/ofxWord2Vec

openFrameworks addon for working with word2vec embedding, implemented in pure C++

Primary LanguageC

ofxWord2Vec

ofxWord2Vec is an addon for openframeworks, which implements word2vec word implemented in pure C++, with ready-to-use example for computing word arithmetics such as

  • 'king - man + woman'

  • 'god - man'

and so on!

It's based on native C Google code:

The addon is inspired by the great addon ofxMSAWord2Vec by Memo Akten, but faster and with training implemented on C/C++ (TODO, currently training is on C, but in base_code folder).

Features

  • It uses only openFrameworks; no Python, ML libraries or other addons are required.

  • It allows to train and use word embeddings directly from openFrameworks project.

  • It works on CPU; it's fast.

  • It contains ready to use embedding files, one small for tests and other huge for production, see 'Embeddings files' section below.

Examples

  • example_analogy - it's ready-to-use example which works with words arithmetic. It allows to find nearest words to the combinations of words separated by ' + ' and ' - ', such as 'man - animal'. You can use any number of words in equation.

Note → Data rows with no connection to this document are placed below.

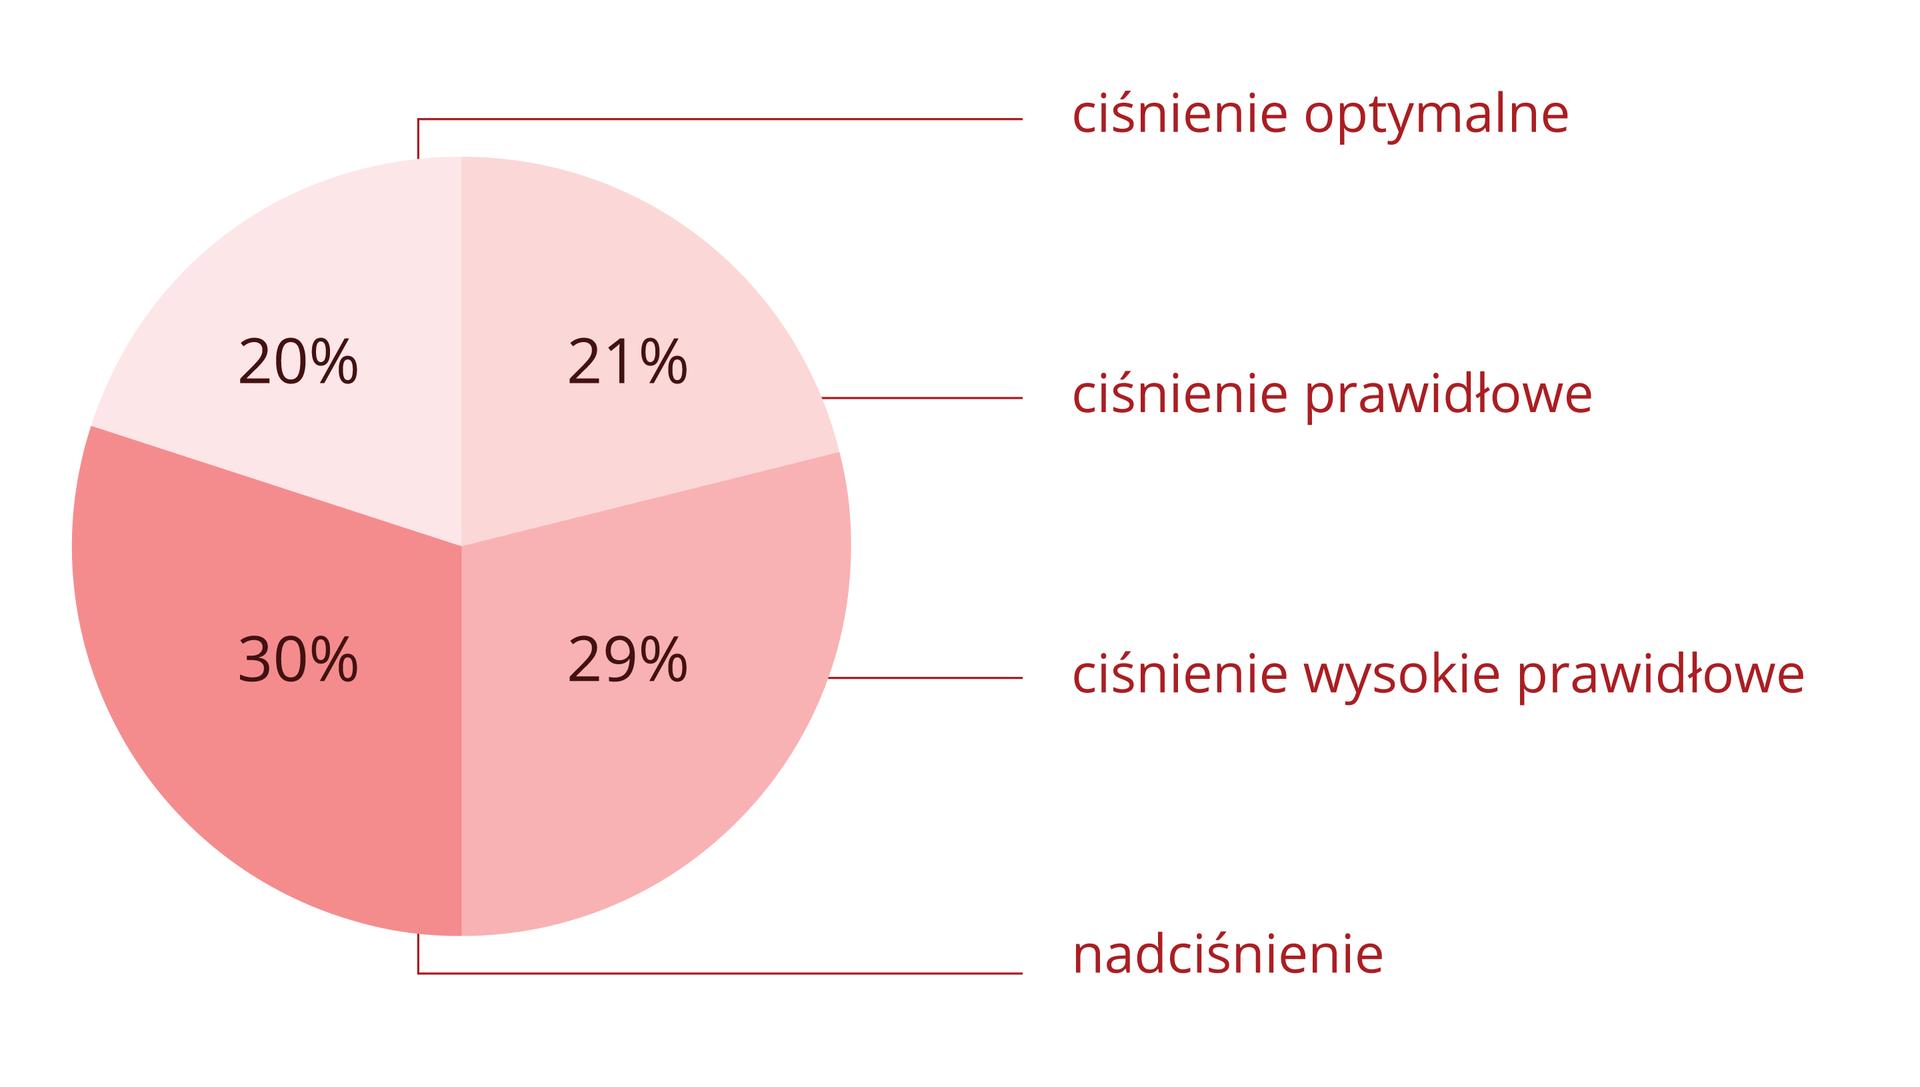 Diagram kołowy wodcieniach różowego przedstawia procent Polaków, którzy mają ciśnienie: optymalne, prawidłowe, wysokie prawidłowe inadciśnienie.
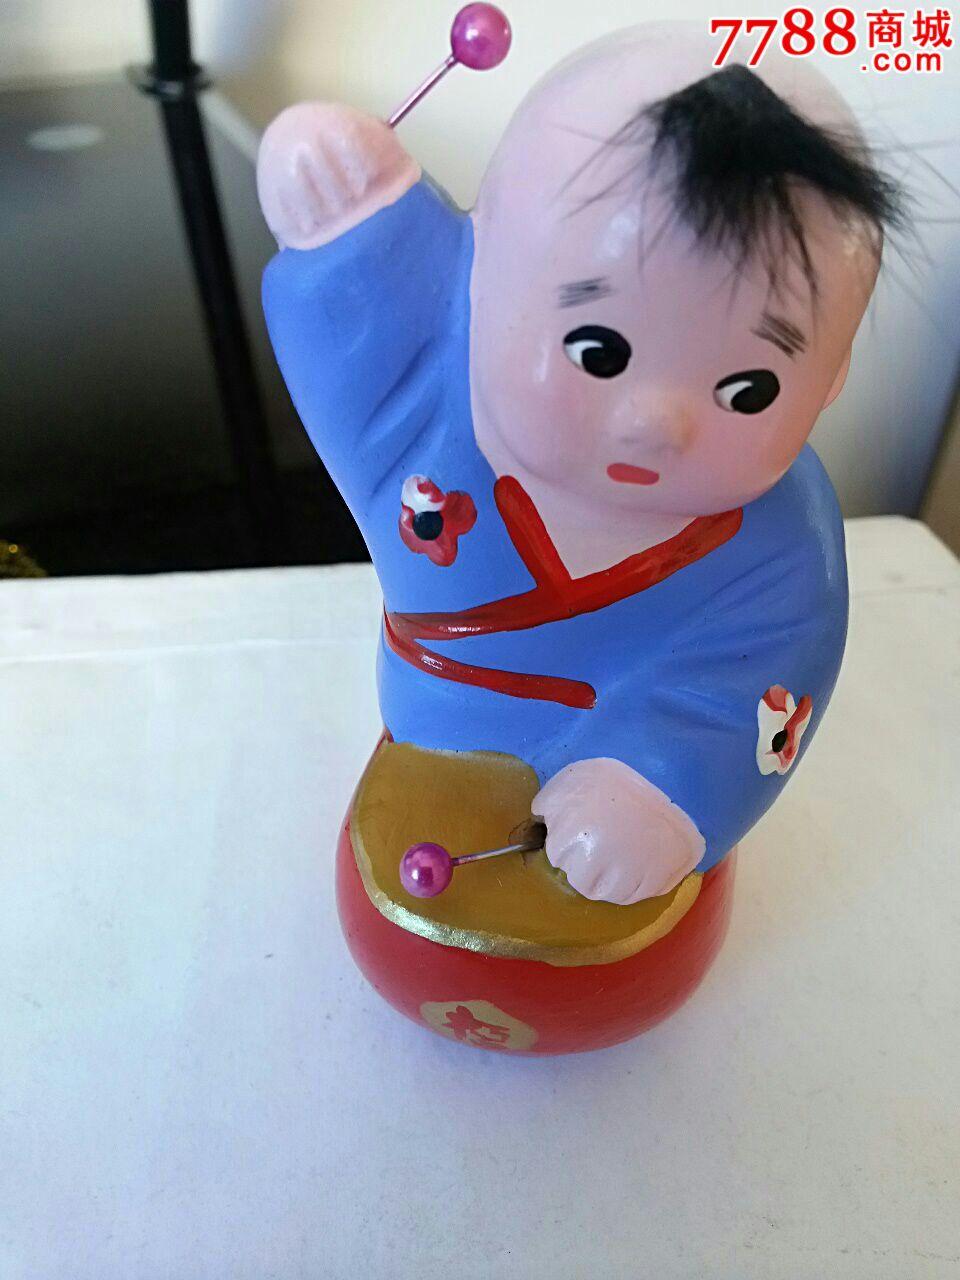 打鼓小男孩_价格18.0000元_第2张_7788收藏__中国收藏热线
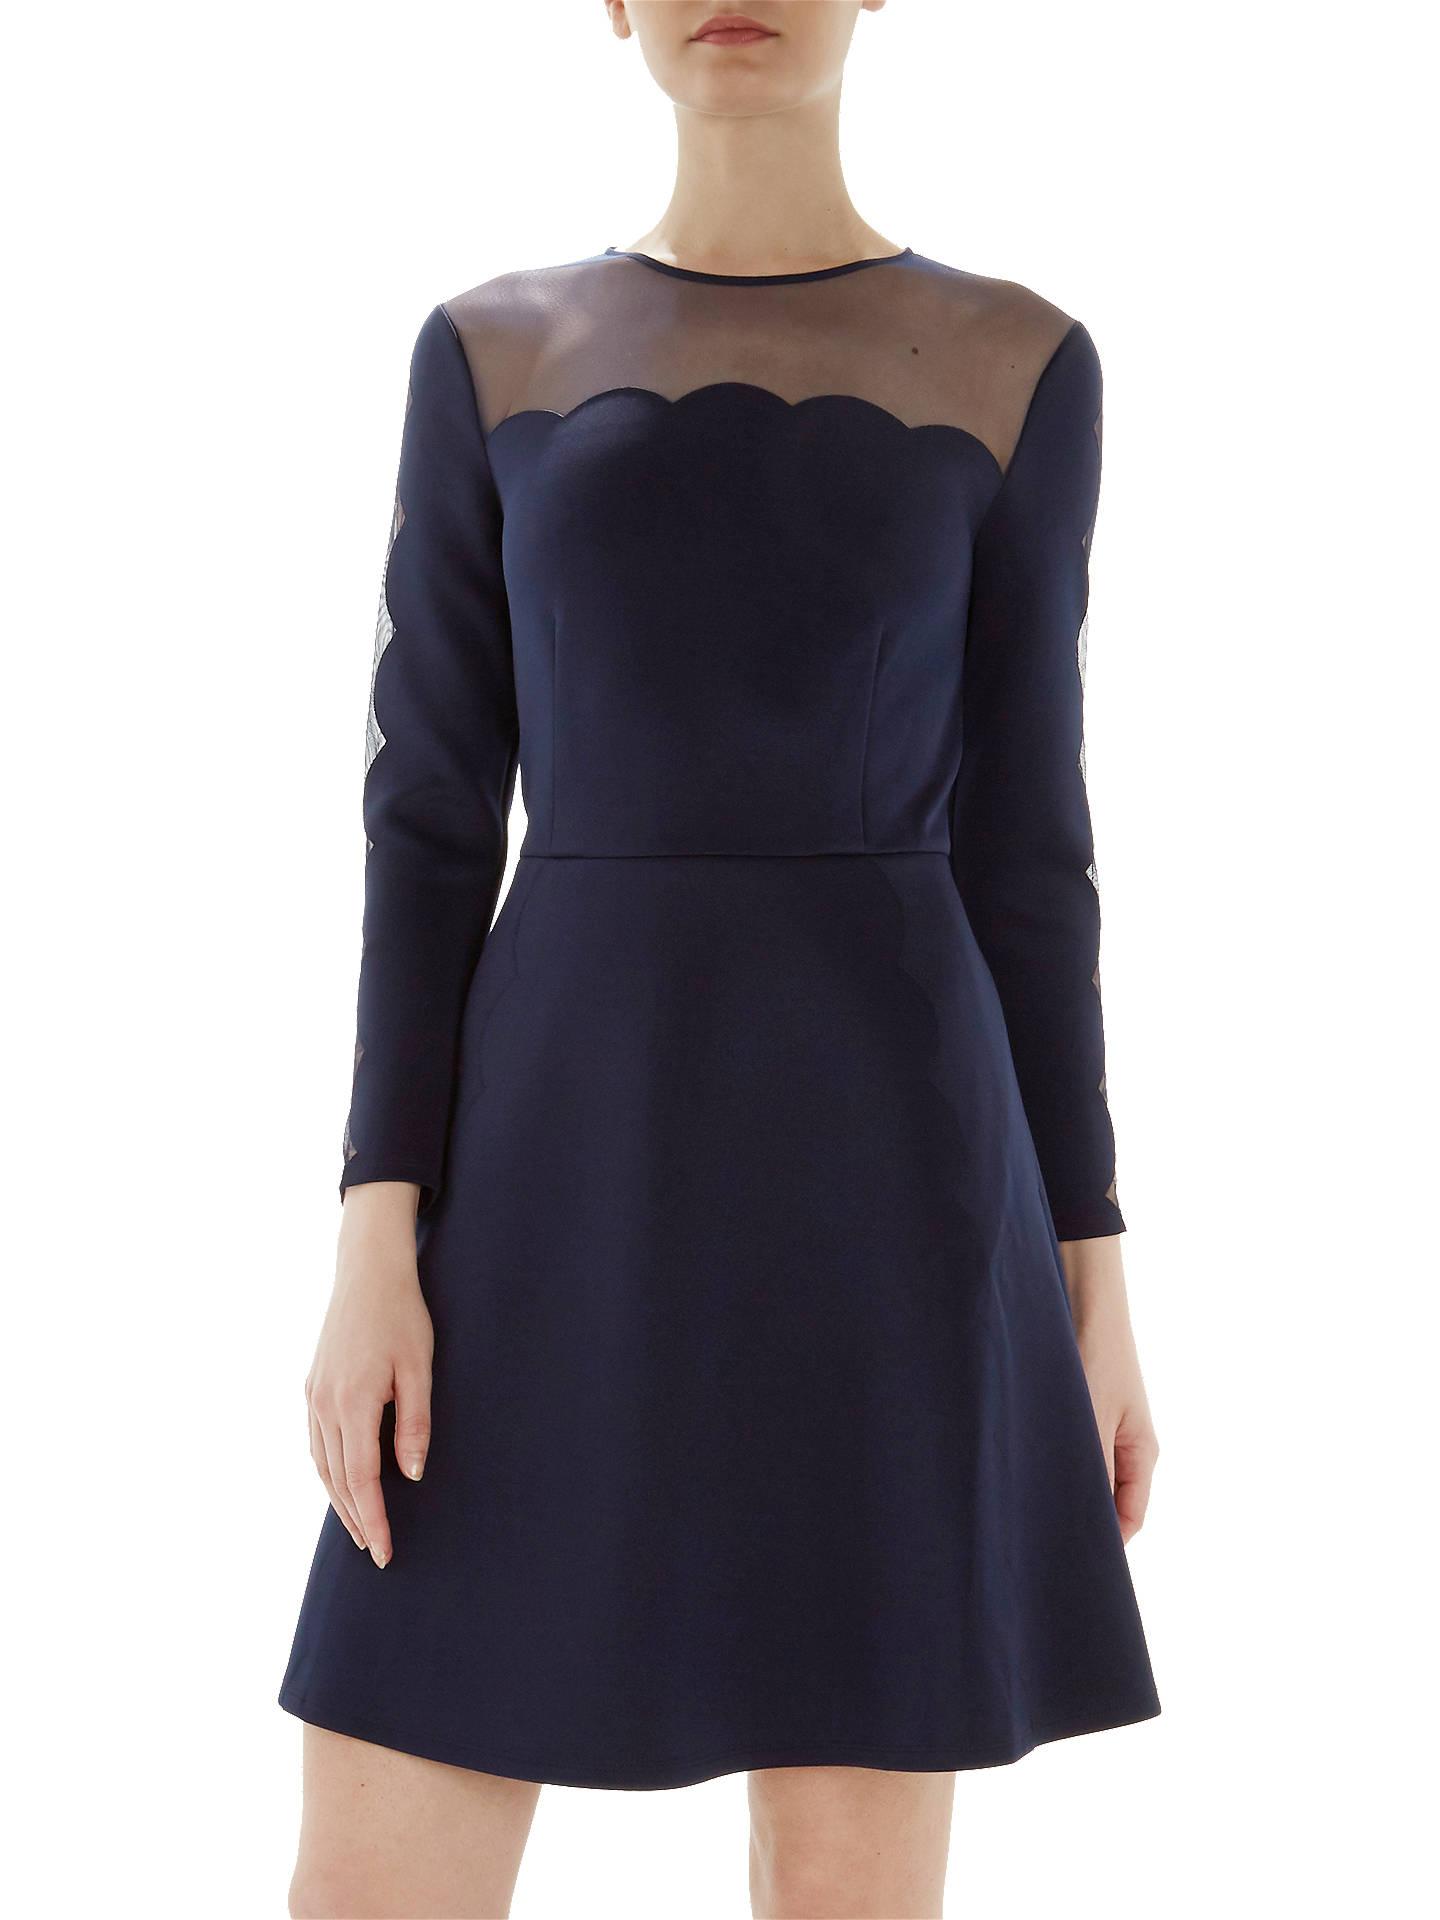 3dcdbae1ff76 Buy Ted Baker Kikoh Mesh Panelled Dress

Example is shipped with vec_text8.bin embeddings vectors obtained in the way described in base_code/demo-analogy.sh

Embeddings files

  • Addon's example example_analogy contains embedding file vec_text8.bin made as described in base_code/demo-analogy.sh. About text corpus used for training this see http://mattmahoney.net/dc/textdata.html, 100000000 bytes from English Wikipedia dump on Mar. 3, 2006.

Words: 71291, dimensions: 200. This file is fast to use and is recommended for fast developing.

  • Addon's github Releases tab contains ZIP file with "GoogleNews-vectors-negative300.bin" embedding (Mikolov et al's GoogleNews model, https://code.google.com/archive/p/word2vec/). Words: 3 000 000, dimensions: 300. This is a huge file. It requires 8GB in CPU (because we store original and normalized vectors). It's works slow, but great.